• _Exercise description_
Write out the listing, please, but only from its first line through the line containing "Radicom Research, Inc.", exactly as given and without pictures.

• _Recorded data_
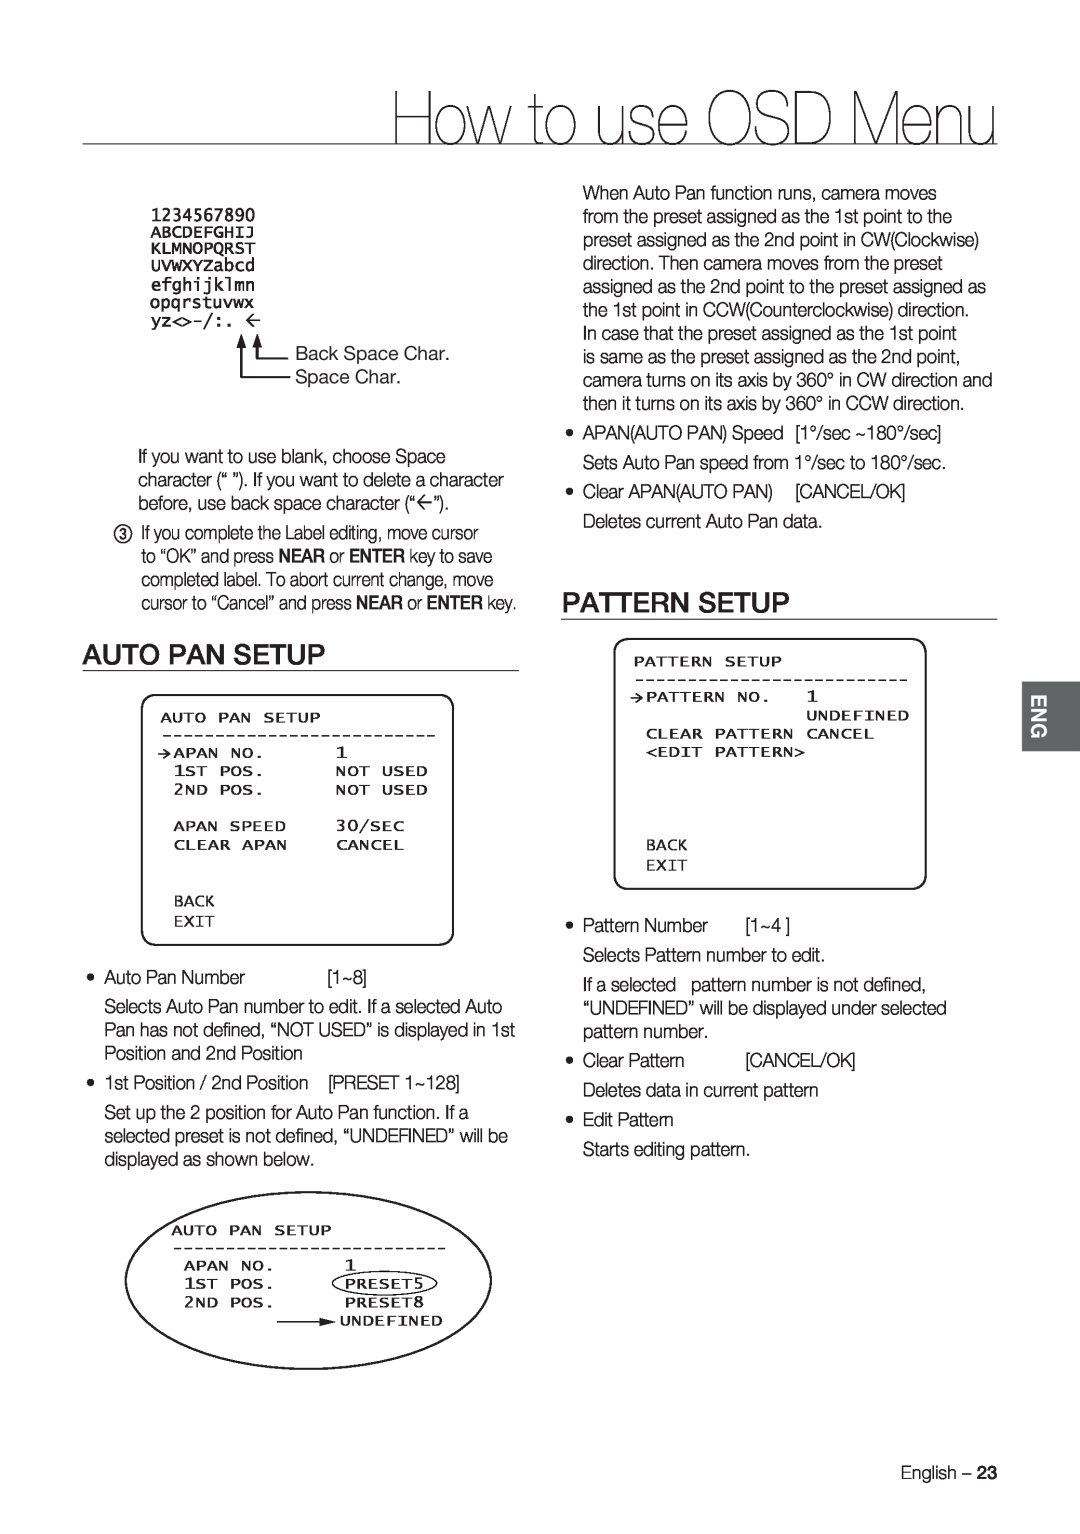 Samsung SCC-C7478P manual Auto Pan Setup, Pattern Setup, How to use OSD Menu 
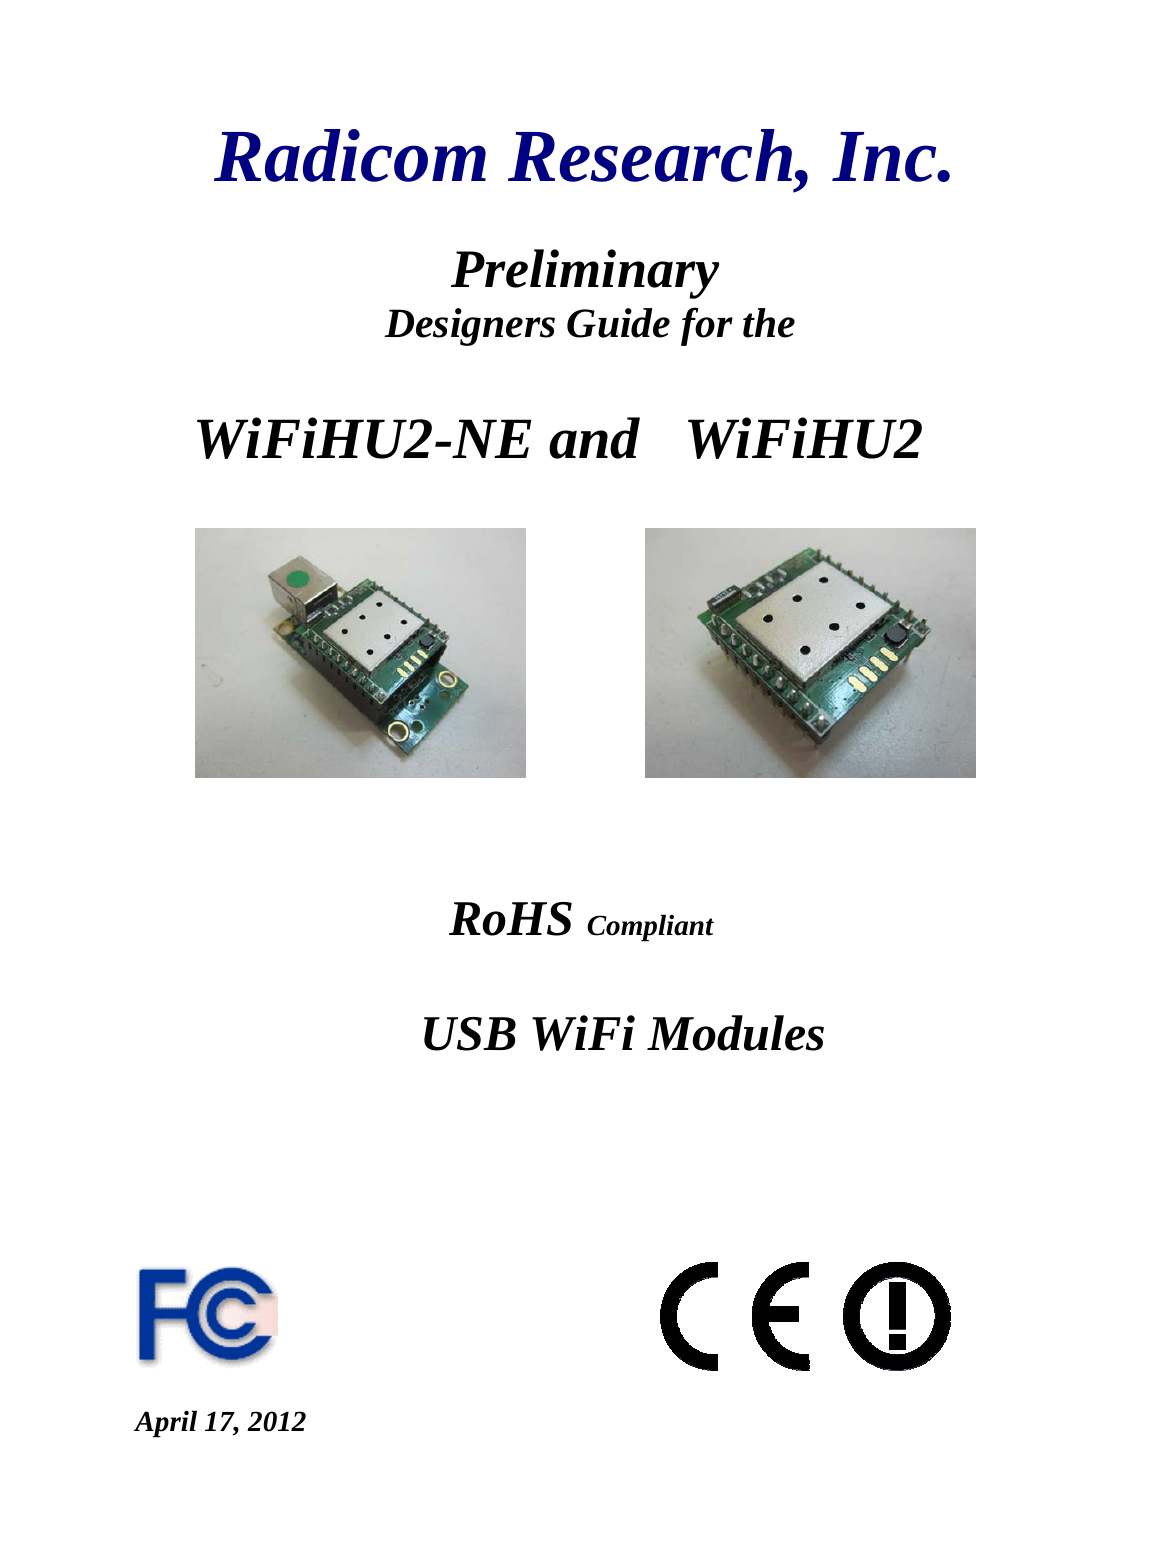   Radicom Research, Inc.  Preliminary  Designers Guide for the        WiFiHU2-NE and   WiFiHU2            RoHS Compliant  USB WiFi Modules               April 17, 2012   
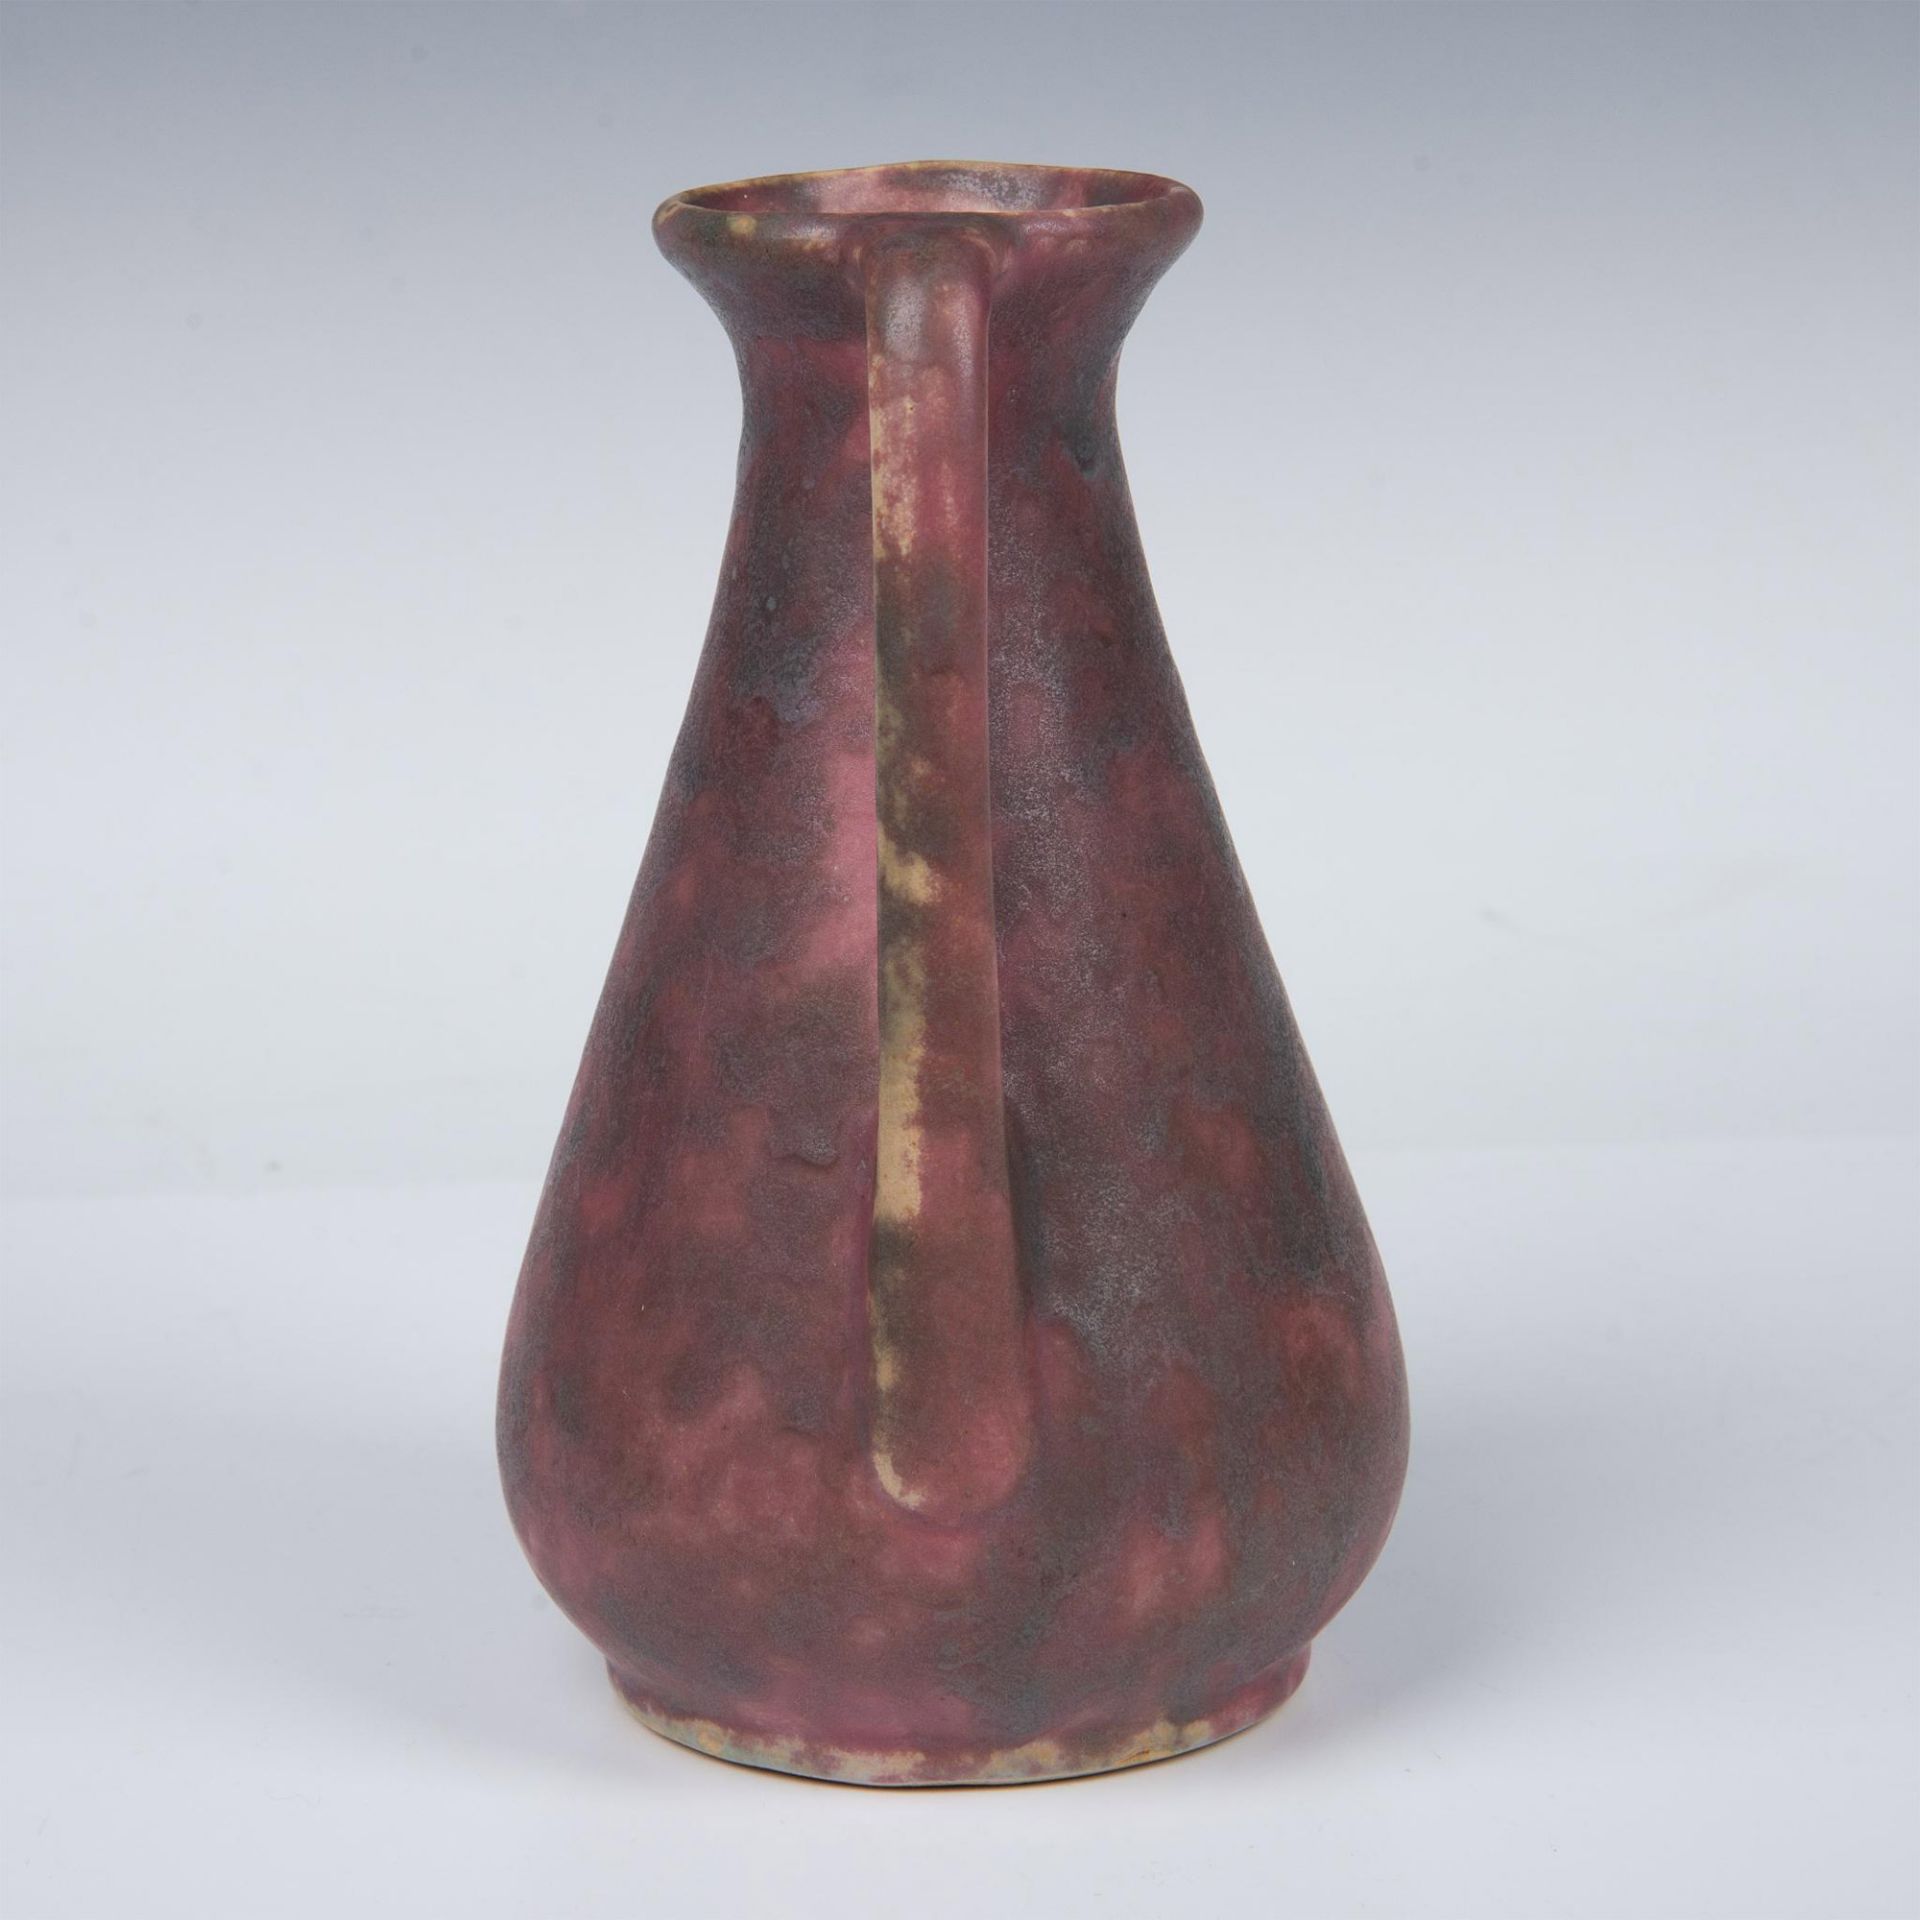 Art Nouveau Arts and Crafts Pottery Mottled Mauve Pink Vase - Image 2 of 5

• _Exercise response_
 Samsung SCC-C7478P manual Auto Pan Setup, Pattern Setup, How to use OSD Menu 
   Radicom Research, Inc.  Preliminary  Designers Guide for the        WiFiHU2-NE and   WiFiHU2            RoHS Compliant  USB WiFi Modules               April 17, 2012   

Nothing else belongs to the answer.